How to complete this task:
From the first line to the last, print the material exactly, skipping the pictures.

Data segment:
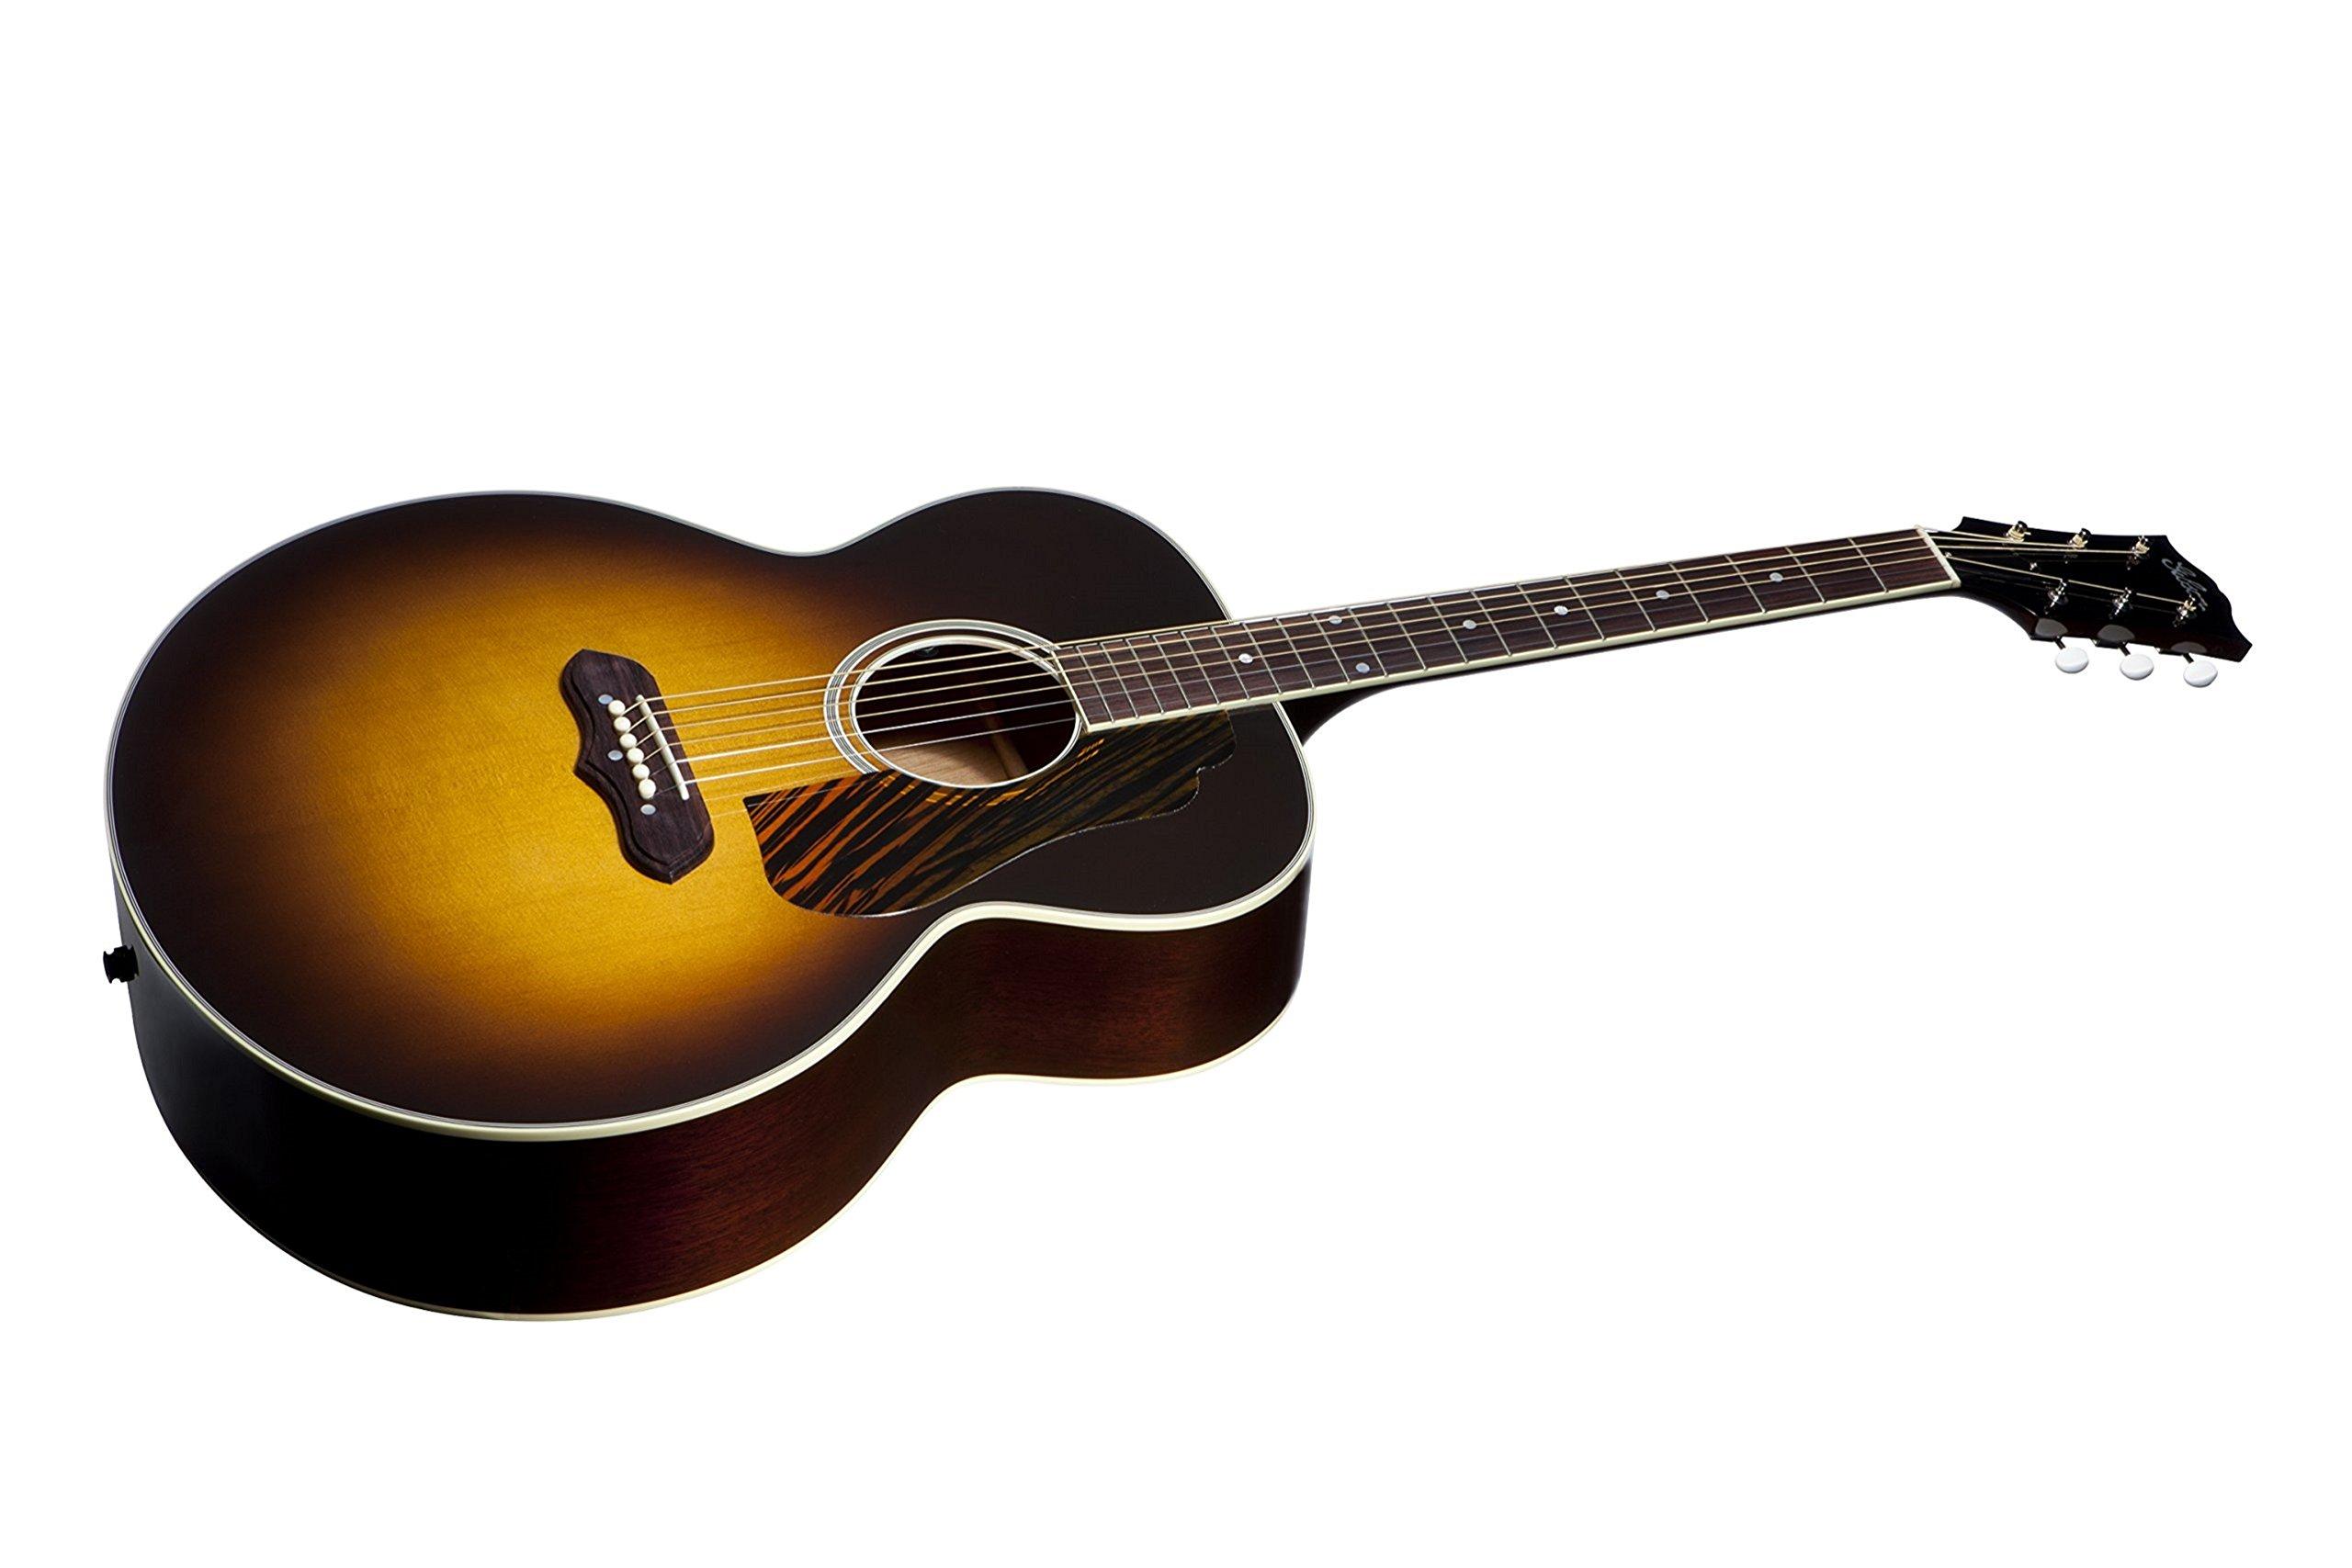 Gibson 1941 SJ-100 VS · Guitarra acústica: Amazon.es: Instrumentos ...
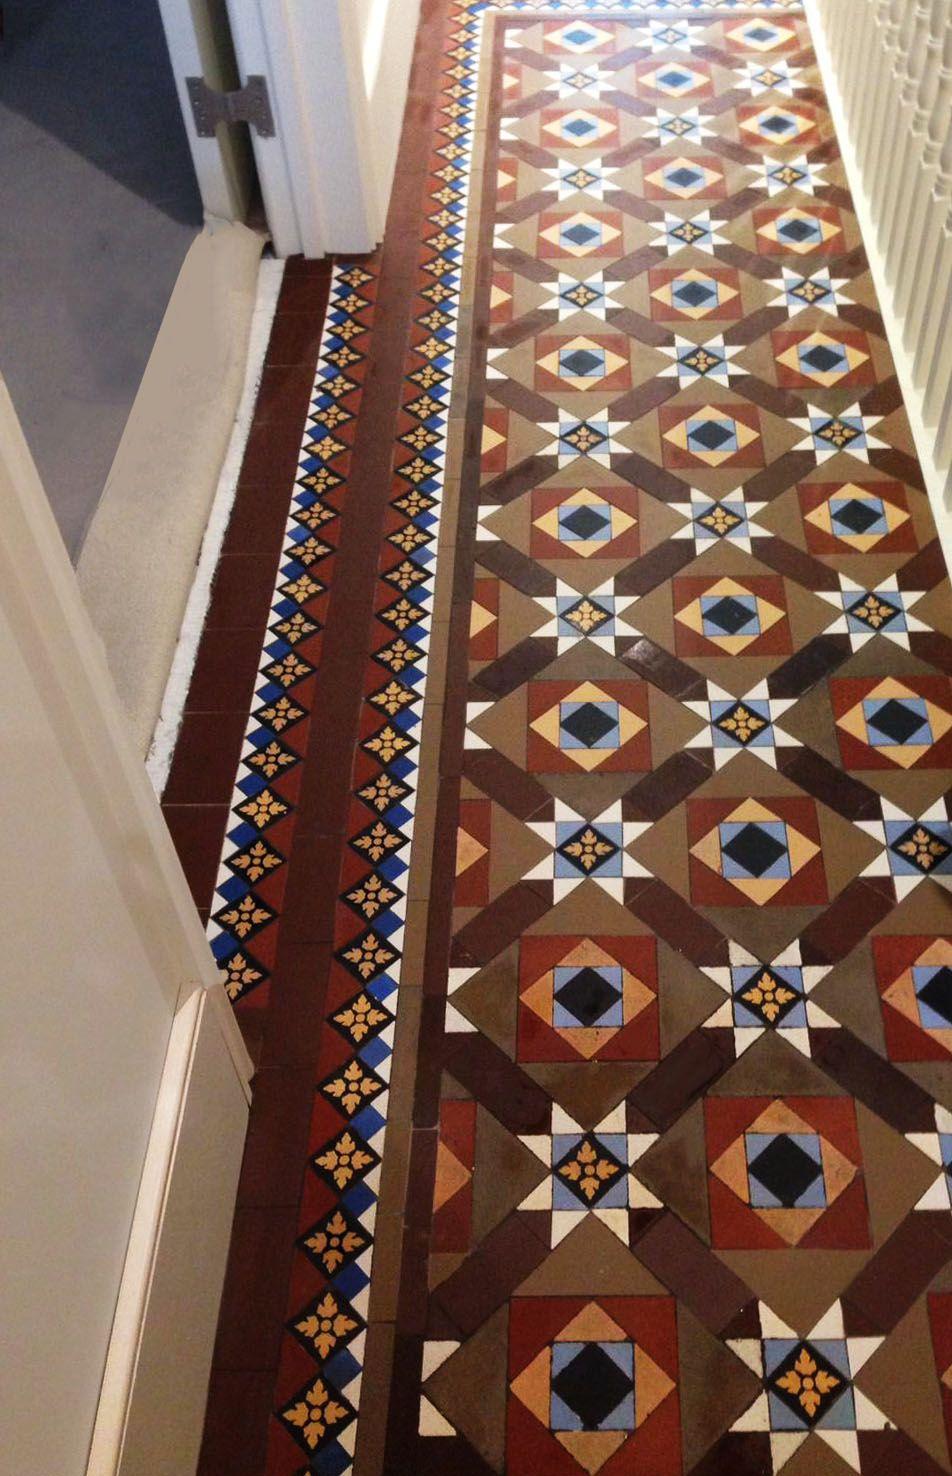 London Mosaic Victorian Tiles In 2020 Victorian Mosaic Tile Victorian Hallway Tiles Porch Tile
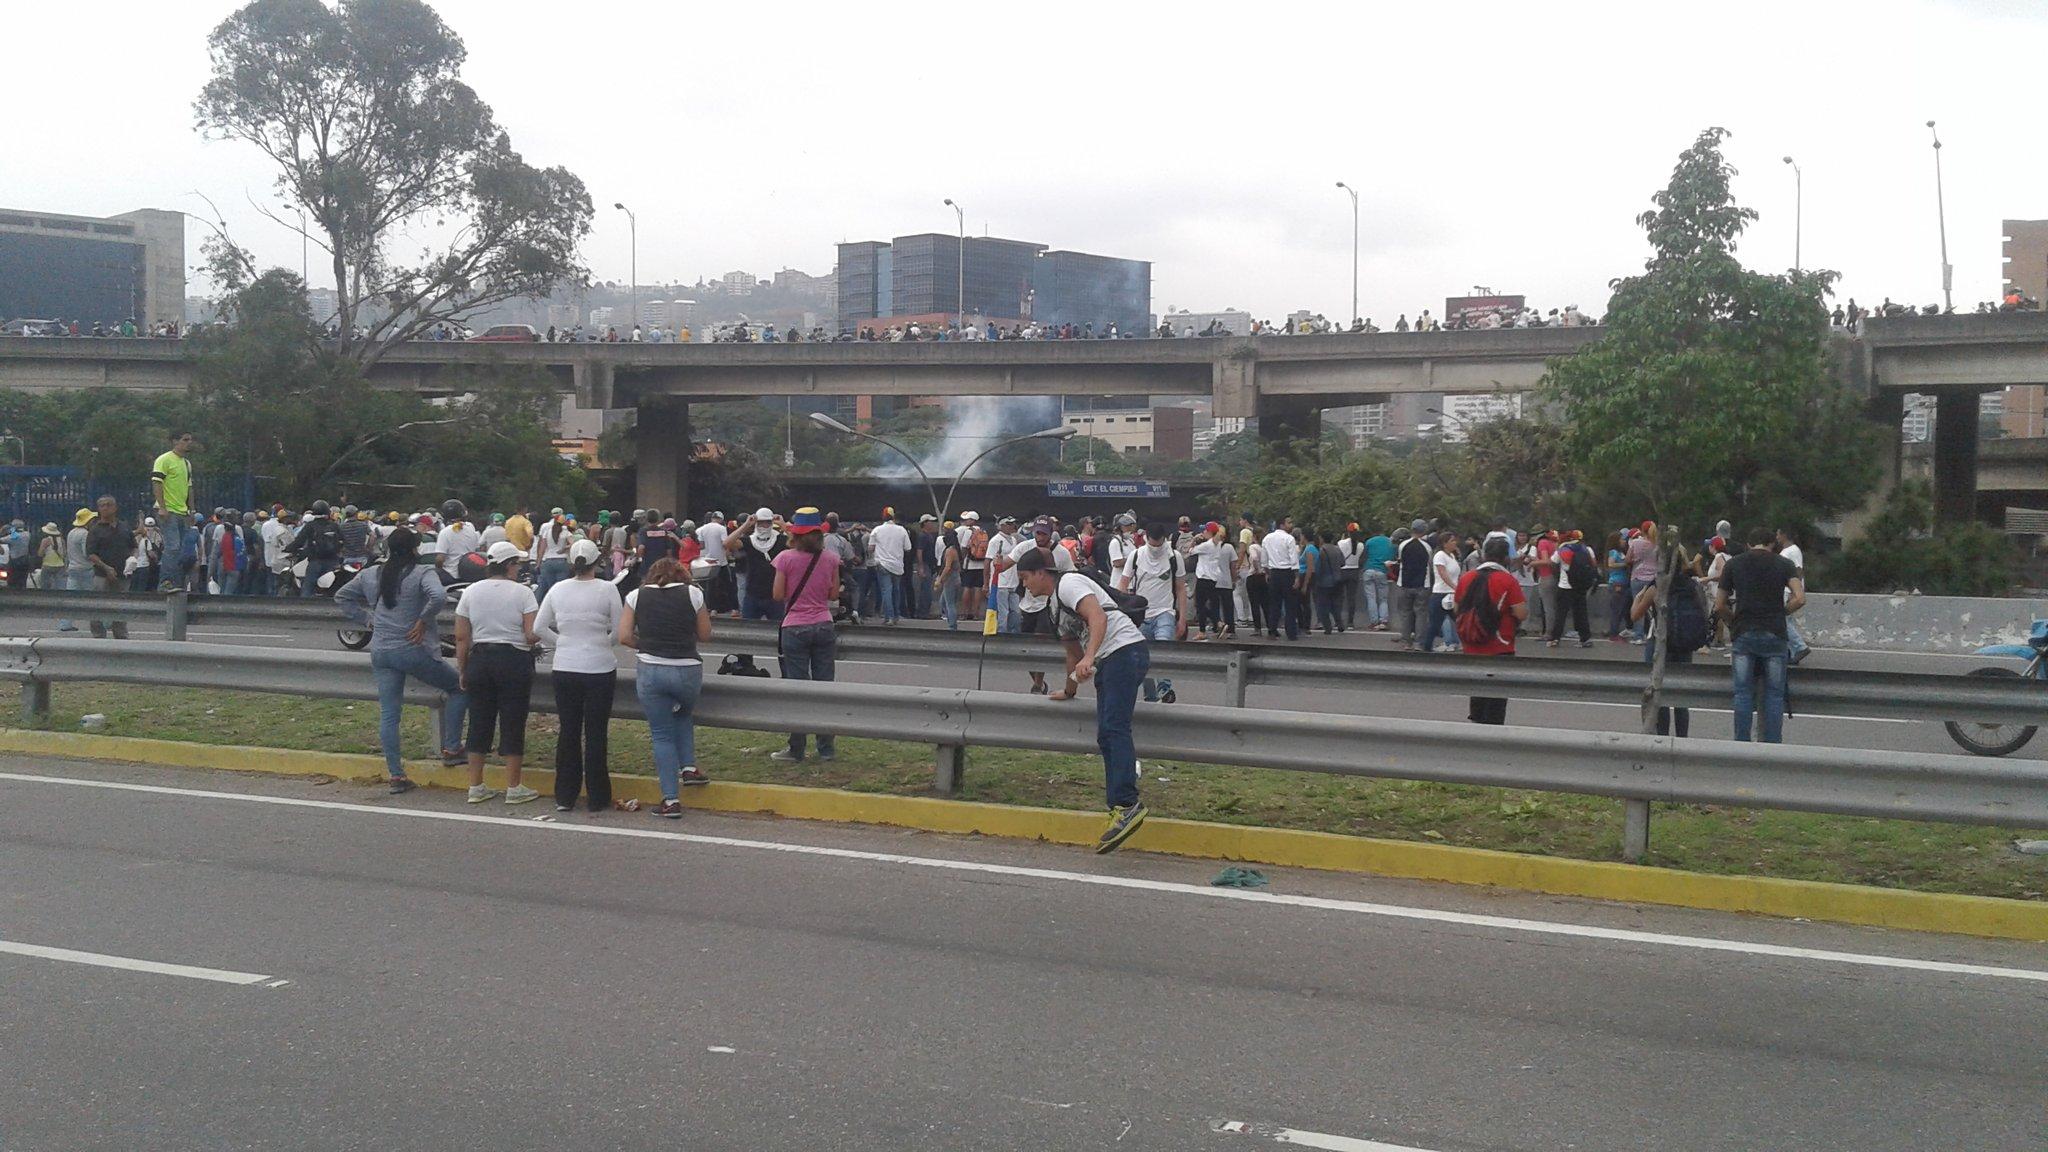 Bombas lacrimógenas en la autopista Francisco Fajardo, altura Dist. Ciempies https://t.co/5wmuzrAh36

Worked solution:
 Gibson 1941 SJ-100 VS · Guitarra acústica: Amazon.es: Instrumentos ...
 London Mosaic Victorian Tiles In 2020 Victorian Mosaic Tile Victorian Hallway Tiles Porch Tile
 Bombas lacrimógenas en la autopista Francisco Fajardo, altura Dist. Ciempies https://t.co/5wmuzrAh36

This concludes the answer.